Alternatively, removing or anonymising personally identifiable information (PII) data with specific details such as names, addresses, or other identifying elements from a dataset before sending it to an API is advisable. This way, users can mitigate the risk of exposing personal information during processes that involve data exchange. As a precautionary measure, practitioners should carefully navigate the ethical and legal landscape, considering potential privacy implications and ensuring compliance with relevant regulations. In essence, a thoughtful and cautious approach is crucial to safeguarding both data integrity and privacy throughout the experimentation and fine-tuning processes.

9. Ethical considerations

In any data science venture, a critical and recurrent consideration involves evaluating the potential impact of model outputs on individuals’ lives and well-being. As models generate predictions, recommendations, or responses, these outcomes can have tangible consequences. It is paramount to assess how the information provided by the model may influence decisions or actions that directly affect people. Whether the context involves employment, financial decisions, or other aspects of daily life, understanding the potential implications of the model’s outputs is fundamental for responsible and ethical data science practices.

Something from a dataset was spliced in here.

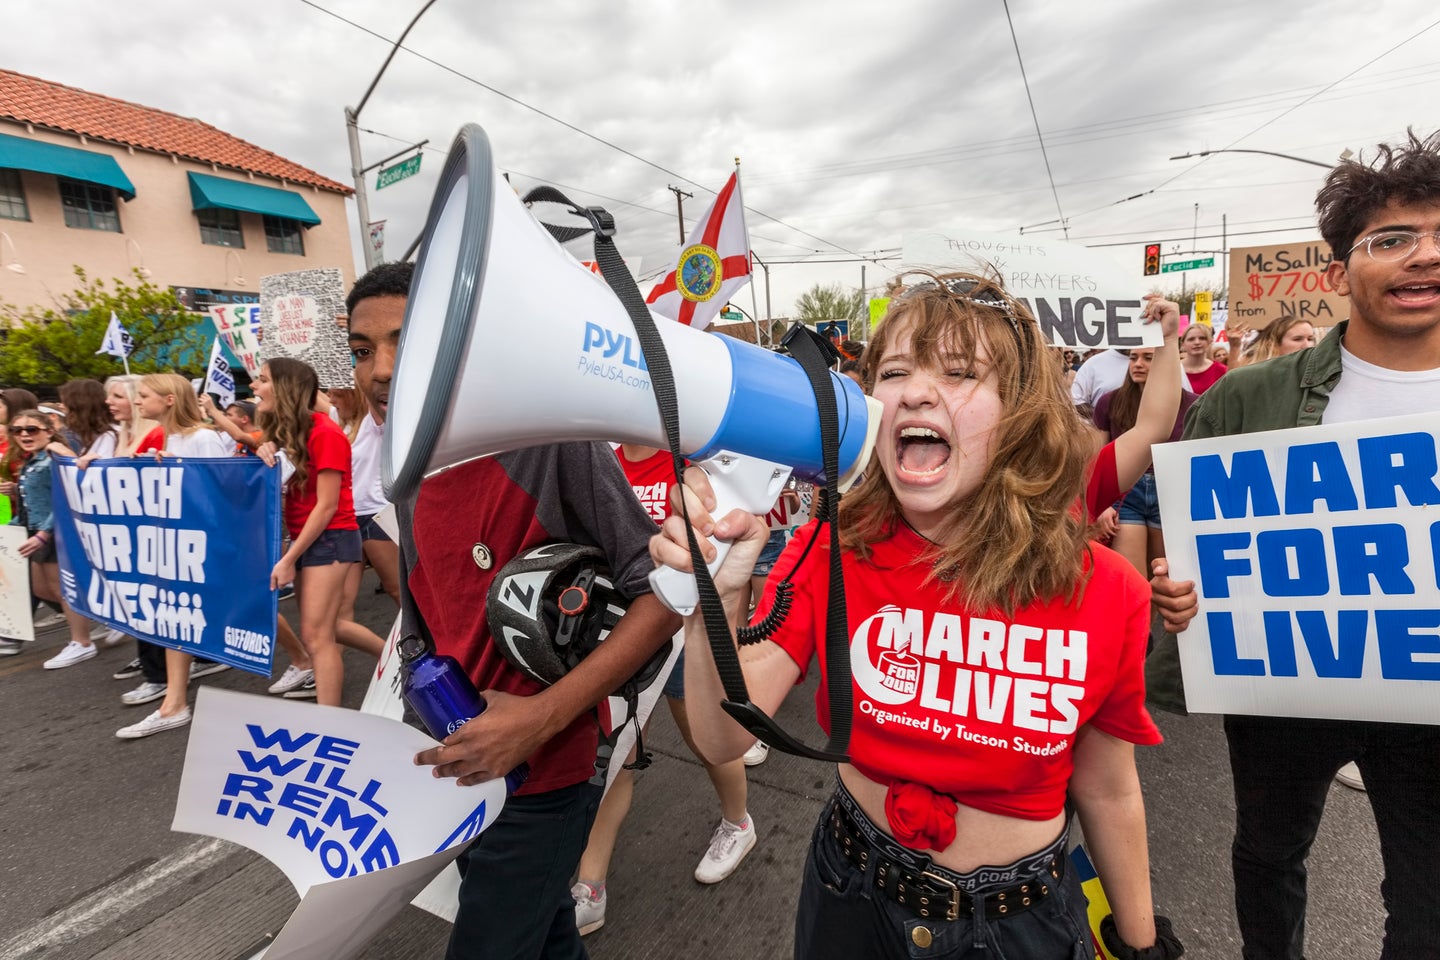 March For Our Lives teen protesters speaking out for gun control after mass shootings

Furthermore, this consideration extends to an awareness of potential biases embedded within LLMs. These biases may arise from the data on which the models were trained and can inadvertently influence the generated content. Acknowledging and addressing these biases is essential to prevent unintended discrimination or inequitable outcomes. Evaluating the impact of LLM-generated content within diverse contexts helps ensure that the technology is used responsibly and ethically, fostering a commitment to fairness and equity in the deployment of data science solutions.

To enhance interpretability, one can explore the application of chain-of-thought reasoning as a mechanism. This involves highlighting and recording the distinct steps the LLM took to produce the output. While not technically transparent, as each step generates its own LLM content, it can add a layer of explainability to the model, providing insights into its decision-making process and allowing maintainers to pinpoint where undesirable content entered the output.

10. Skills & training

GenAI is a dynamic field evolving at a rapid pace and lacking a definitive set of best practices. Keeping up with the latest research is crucial, requiring adaptability and a readiness to embrace emerging trends.

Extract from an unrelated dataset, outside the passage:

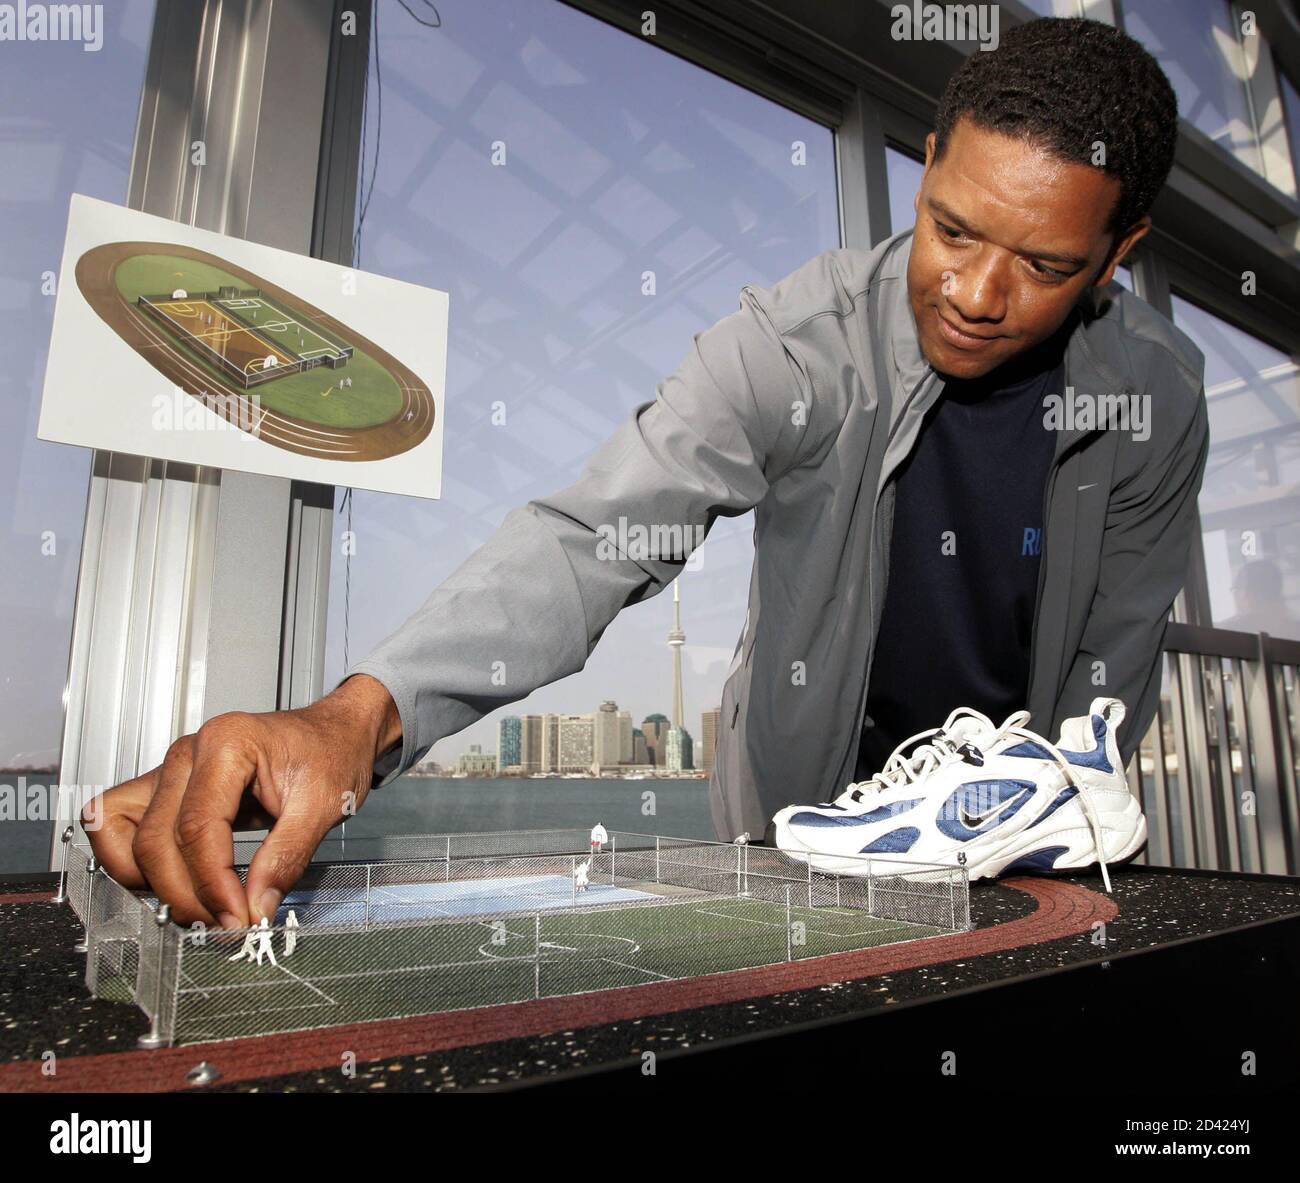 Toronto Argonaut quarterback Damon Allen adjusts a miniature soccer player  on a model of a sports complex which Nike Canada announced will be built  out of 'Nike Grind' (recycled shoe material) at

Starting with simple prompts in a secure environment, like a private LLM-powered chatbot, lays a solid foundation. Encouraging teams to create specific prompts tailored to their needs fosters a repository of ‘approved’ or ‘suggested’ prompts. Senior leaders should actively engage with LLMs in their daily routines, enabling them to make informed decisions about the technology.

Fine-tuning possesses challenges, with existing tools still in the early stages of maturity. Debugging and comprehending interactions between components demand time and patience, yet advancements are expected in this space. HuggingFace stands out as a crucial library to master, playing a pivotal role in navigating the complexities of GenAI.


In conclusion, as we brave the relatively new terrain of Gen AI, the key to success lies in a continuous cycle of experimentation, learning, and knowledge sharing. Deciphering the optimal methods for training, fine-tuning, and prompt usage resembles solving a puzzle—it’s challenging to nail down the perfect formula. Since hallucinations can occur and it’s challenging to ensure the accuracy of models, it’s important to include human verification in the results.

Our focus should extend to practical considerations, contemplating how to seamlessly integrate these models into real-world scenarios and weave them into our everyday workflows. This involves not only optimising their performance but also ensuring that the application of GenAI aligns with our existing processes, enhancing efficiency and usability. A thoughtful integration strategy becomes paramount to harness their full potential and contribute meaningfully to our daily operations.